**EXERCISE DESCRIPTION:** Leaving pictures out, repeat word for word the line that has "Tamiya - TA-03F Chassis - Manual - Page 23" and each line that follows it to the end of the listing.

**EXERCISE DATA:**
------

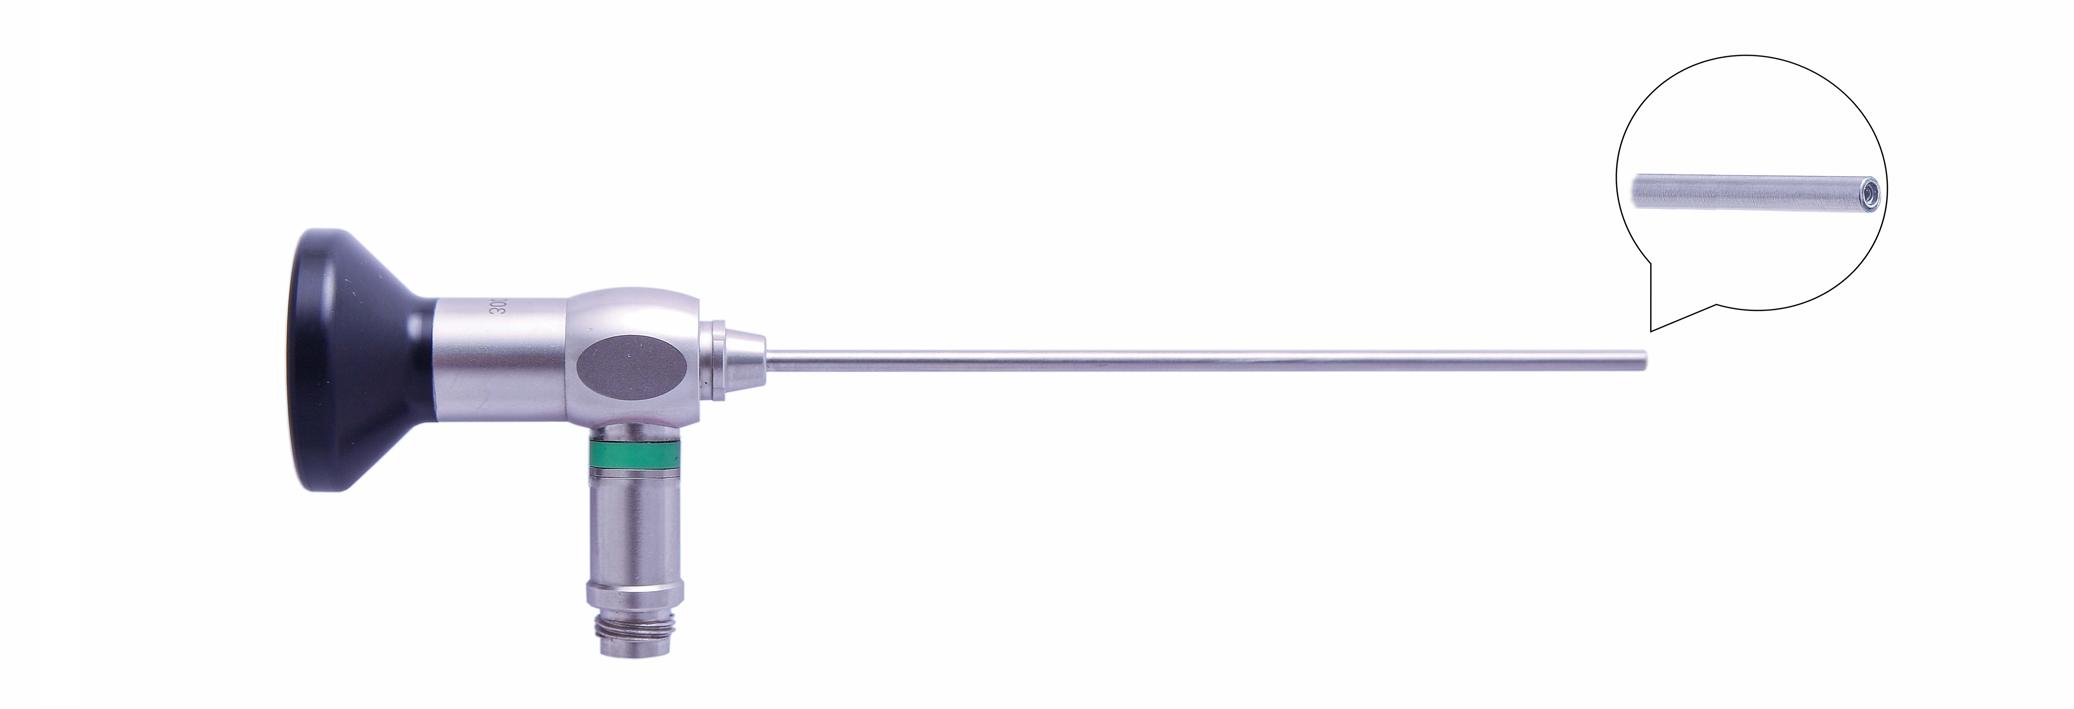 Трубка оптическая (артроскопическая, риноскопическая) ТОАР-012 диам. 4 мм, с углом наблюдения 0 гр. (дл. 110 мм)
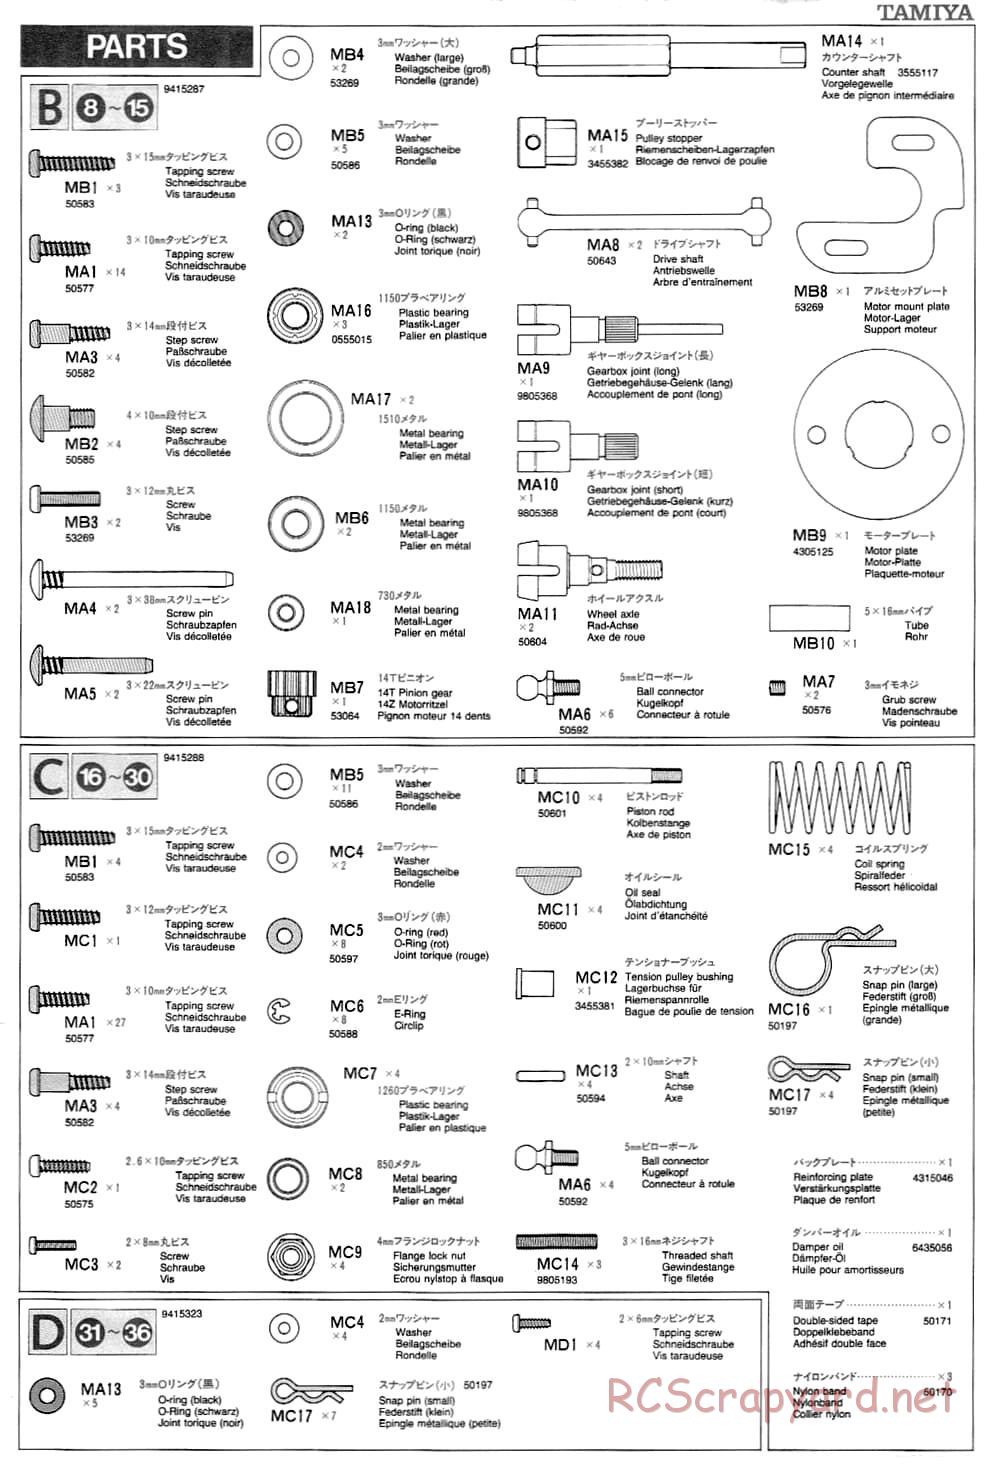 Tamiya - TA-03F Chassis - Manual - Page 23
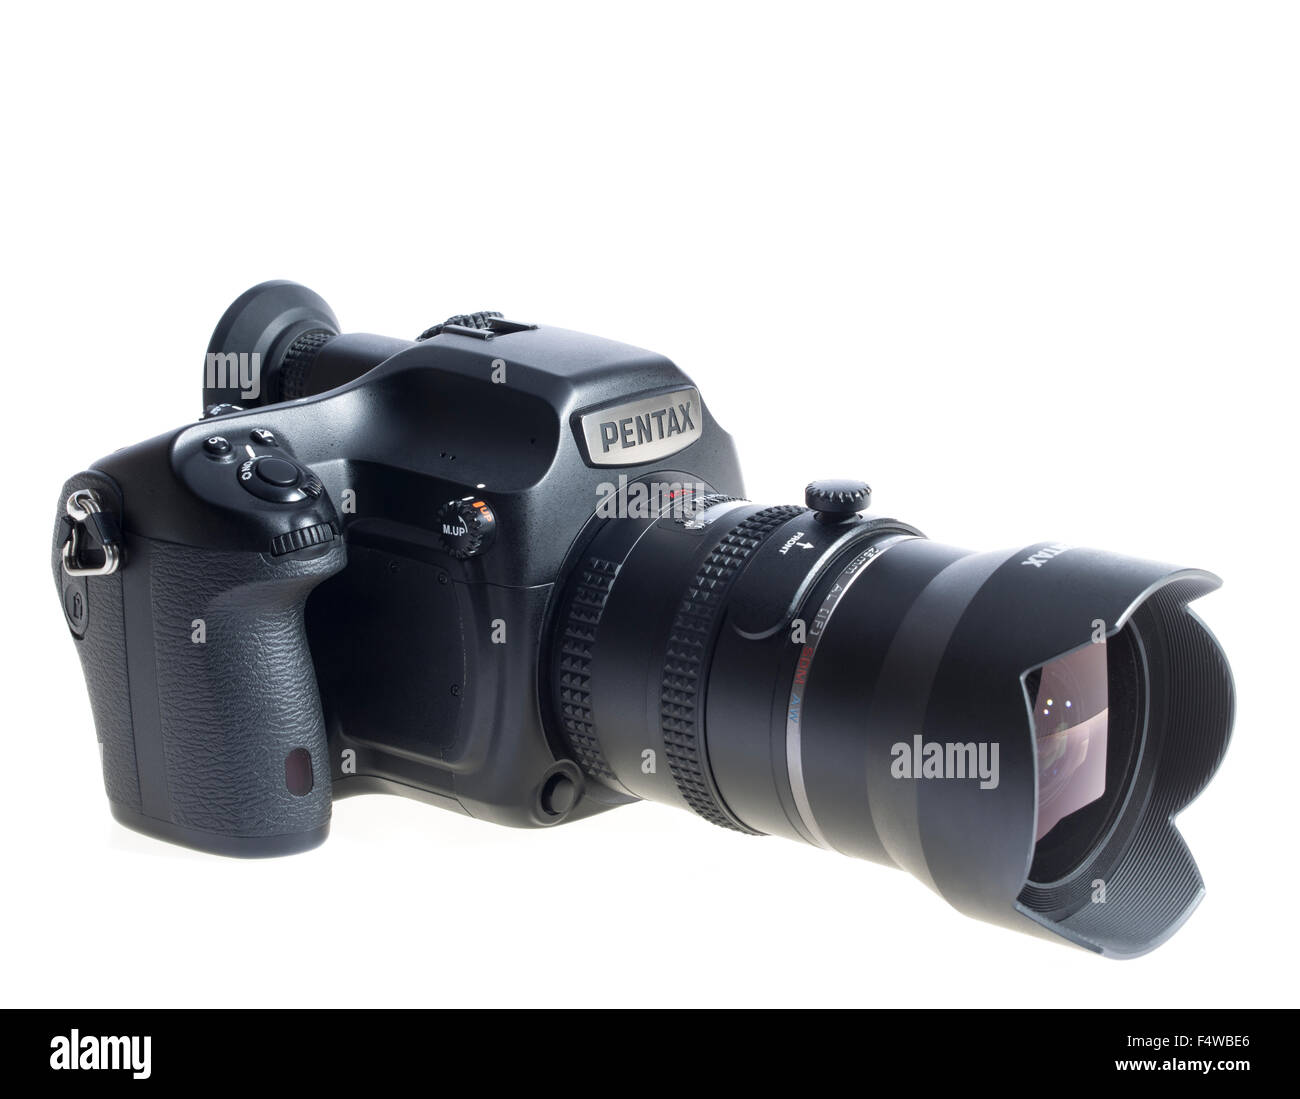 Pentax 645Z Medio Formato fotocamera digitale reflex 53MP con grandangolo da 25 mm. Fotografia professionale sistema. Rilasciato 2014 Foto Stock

------

**WRITTEN RESPONSE:**
 Tamiya - TA-03F Chassis - Manual - Page 23
 Pentax 645Z Medio Formato fotocamera digitale reflex 53MP con grandangolo da 25 mm. Fotografia professionale sistema. Rilasciato 2014 Foto Stock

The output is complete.